Diabetes | O que ninguém conta sobre hipoglicémias?

Vou falar-vos hoje sobre um tema delicado, talvez uma das coisas que dá-me mais medo de acontecer na minha doença, as hipoglicémias. E se não as sinto? Vou parar ao hospital em estado de coma. É um desafio enorme lidar com a diabetes, digo isto mesmo passados onze anos de doença. É uma doença crónica quase inofensiva aos olhos e muitas vezes desvalorizada mas ela existe e exige uma especial atenção, um constante controlo, para que tudo dê certo e com vista num futuro com maior qualidade de vida possível, mesmo que esse futuro obrigue a picadas e tudo mais. E cabe a um diabético, independentemente, do tipo diagnosticado, I ou II, garantir essa qualidade de vida e esse controlo. 

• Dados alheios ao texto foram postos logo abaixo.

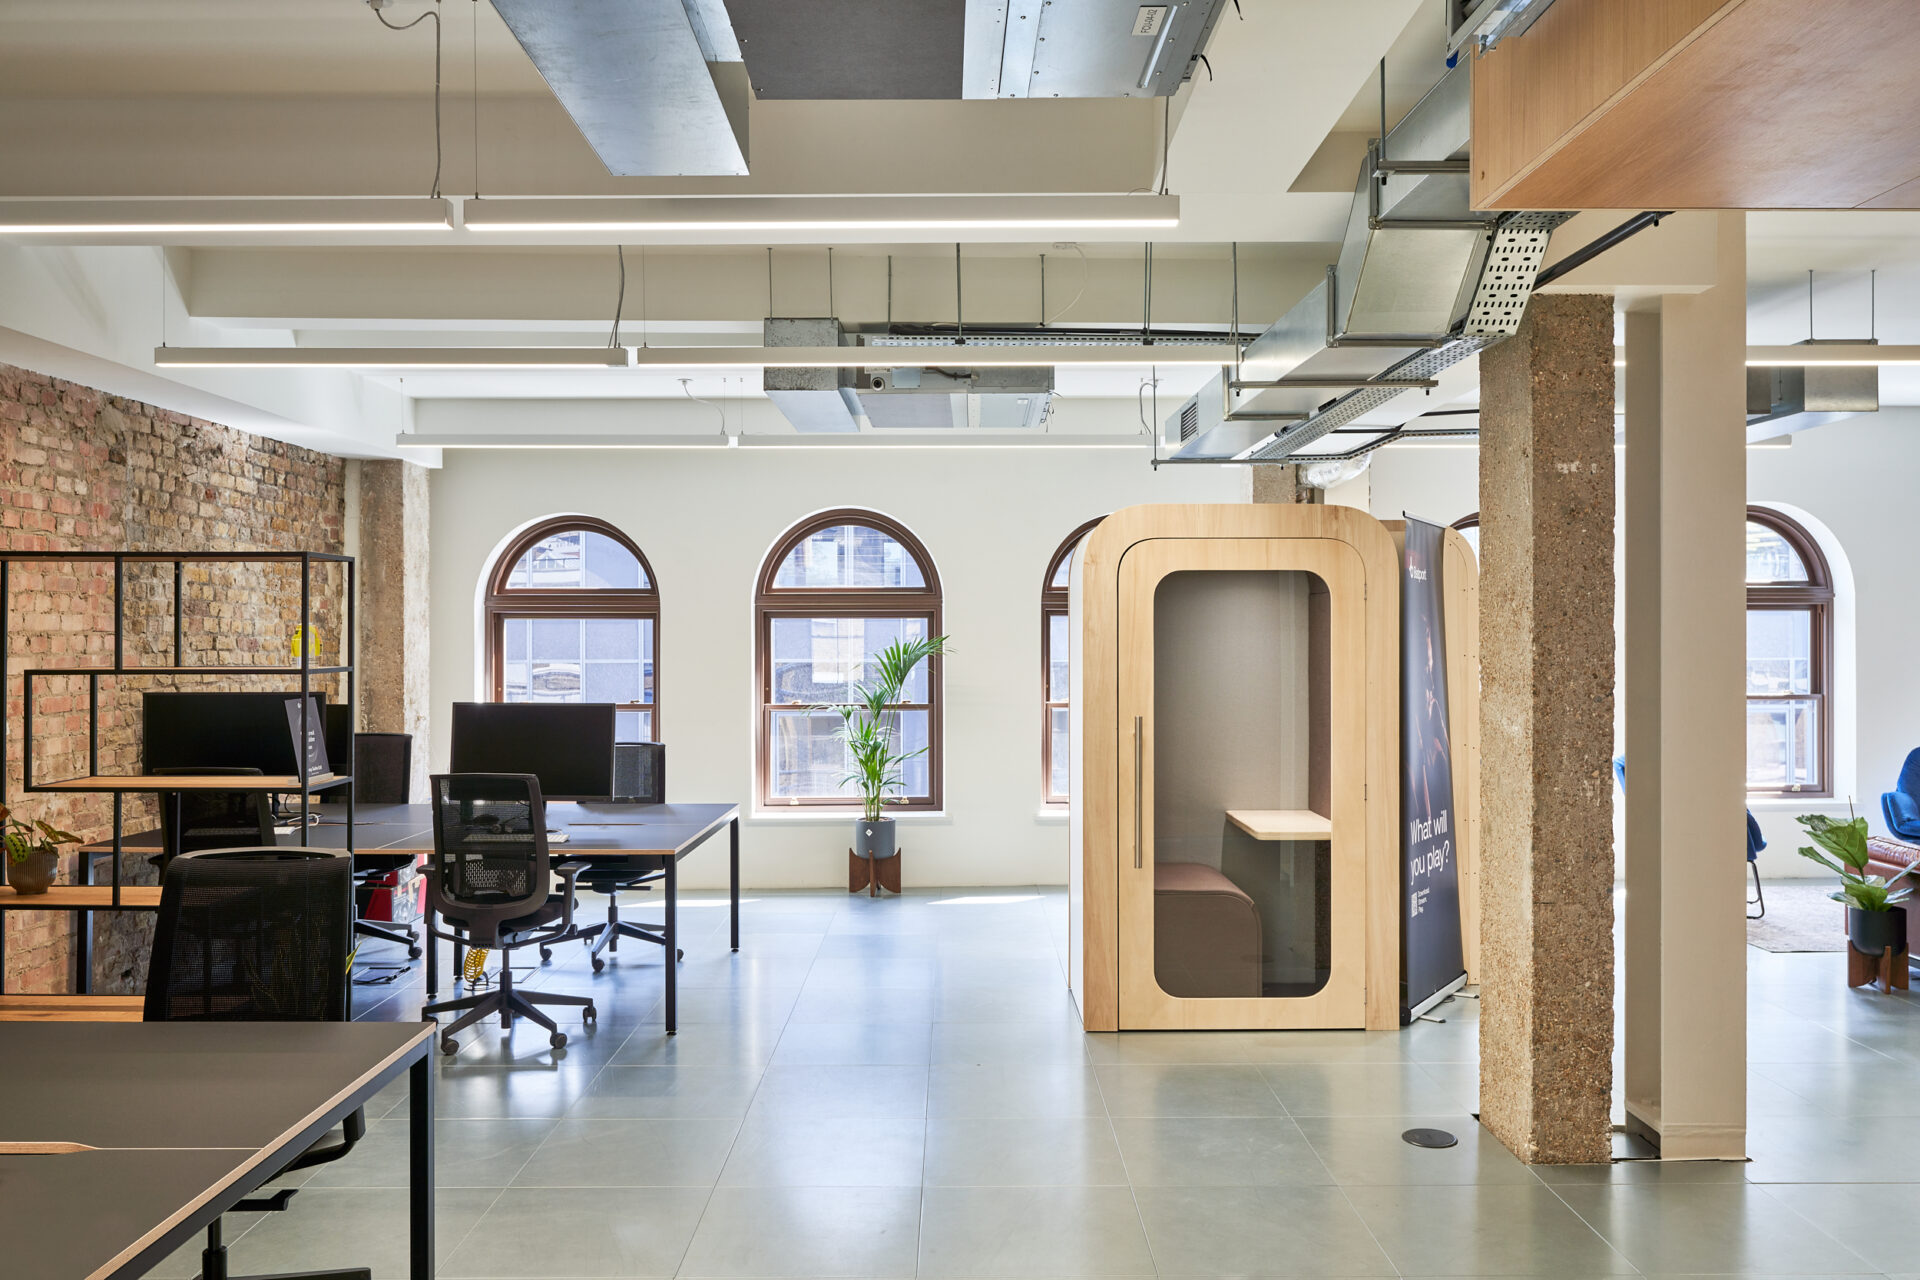 Beatport open office workspace with phone booth
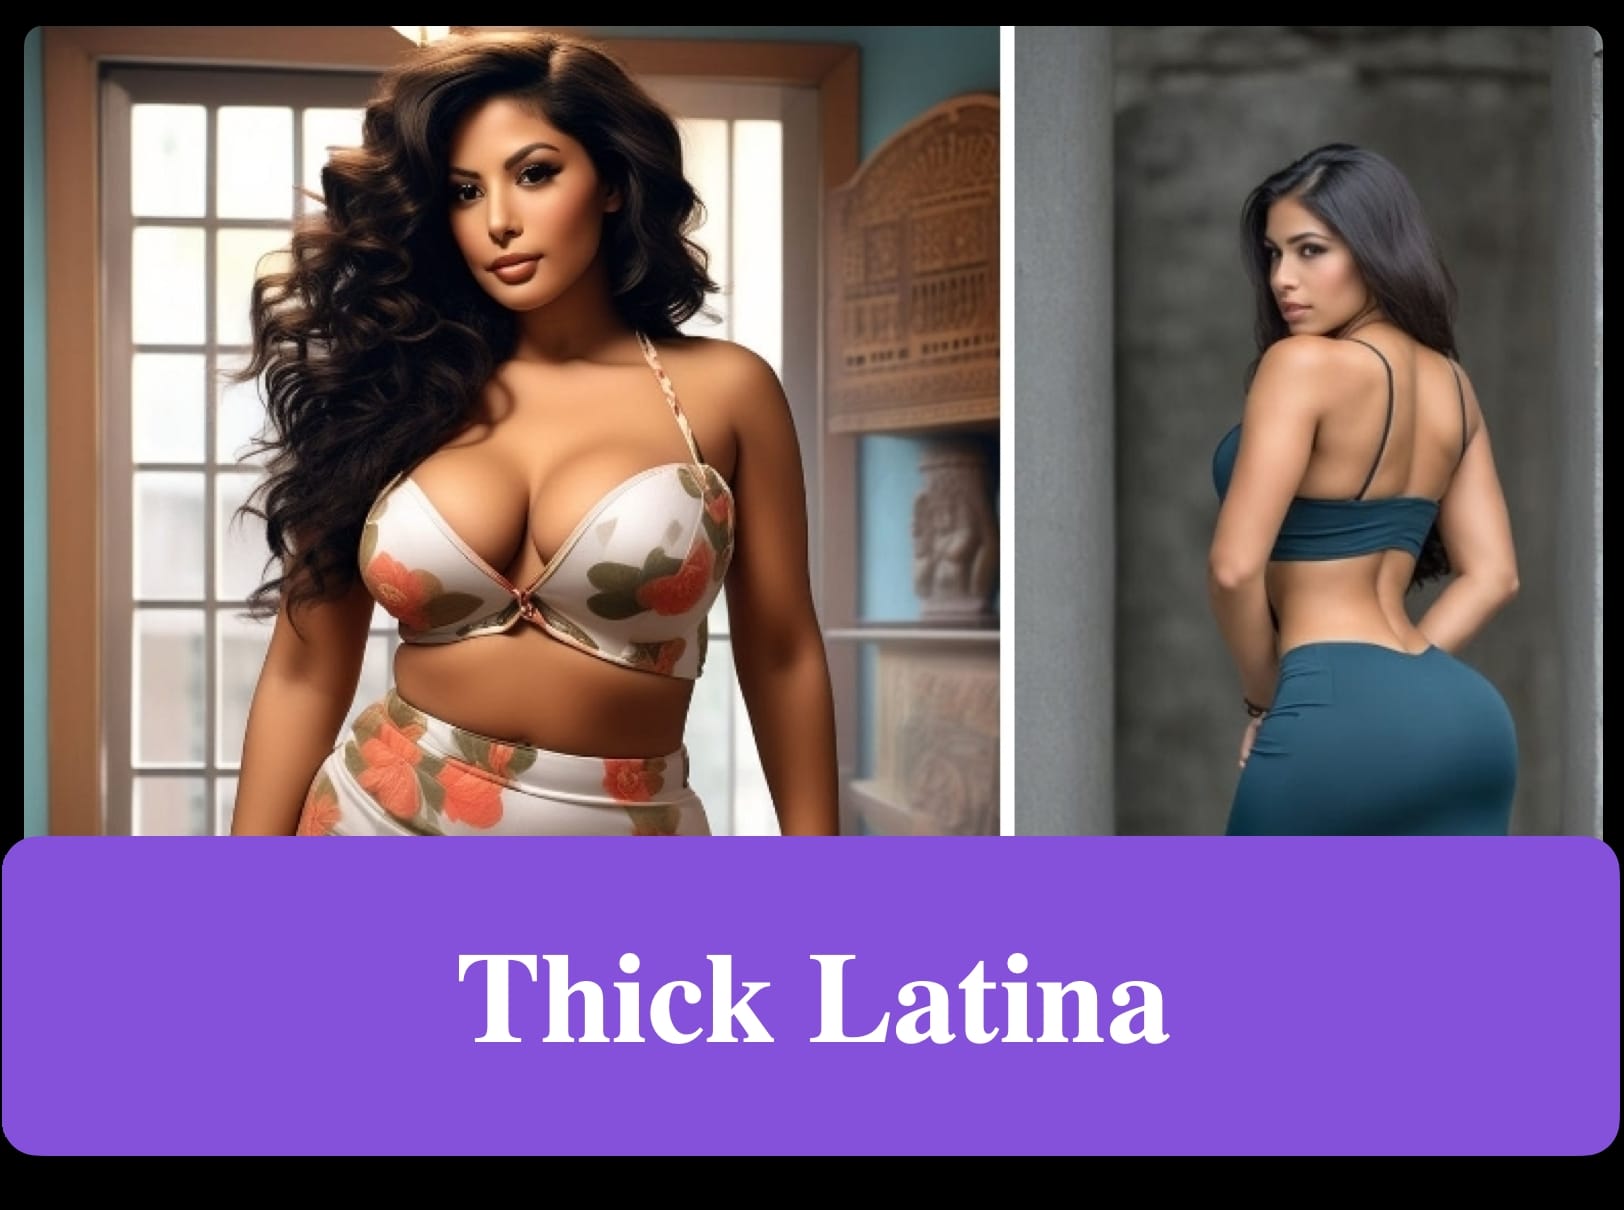 The Rise of Thick Latina Content on TikTok

Mas centremos-nos nas hipoglicémias, que é o tema que vim abordar hoje. Estas são as conhecidas, numa linguagem mais simples, por "baixas de açúcar". Constam, simplesmente, quando o açúcar no sangue encontra-se abaixo de 70mg/dl. As pessoas sem esta patologia também podem ter baixas de açúcar isto se passarem muito tempo sem comer, por exemplo. E é muito fácil perceber quando tal acontece pois provoca um mau estar gigante. Começa geralmente com uma mudança de humor repentina, uma pessoa quando começa com uma hipo, geralmente, começa a ficar um pouco alterada (acontece-me às vezes), depois começa a transpirar, a tremer, fica com (muita) fome, um tanto de dor de cabeça, uma fraqueza com a sensação de "leveza" e quanto mais baixos piores são os sintomas, incapacidade de concentração, perturbações na visão, até mesmo convulsões e desmaio que conduz ao coma. 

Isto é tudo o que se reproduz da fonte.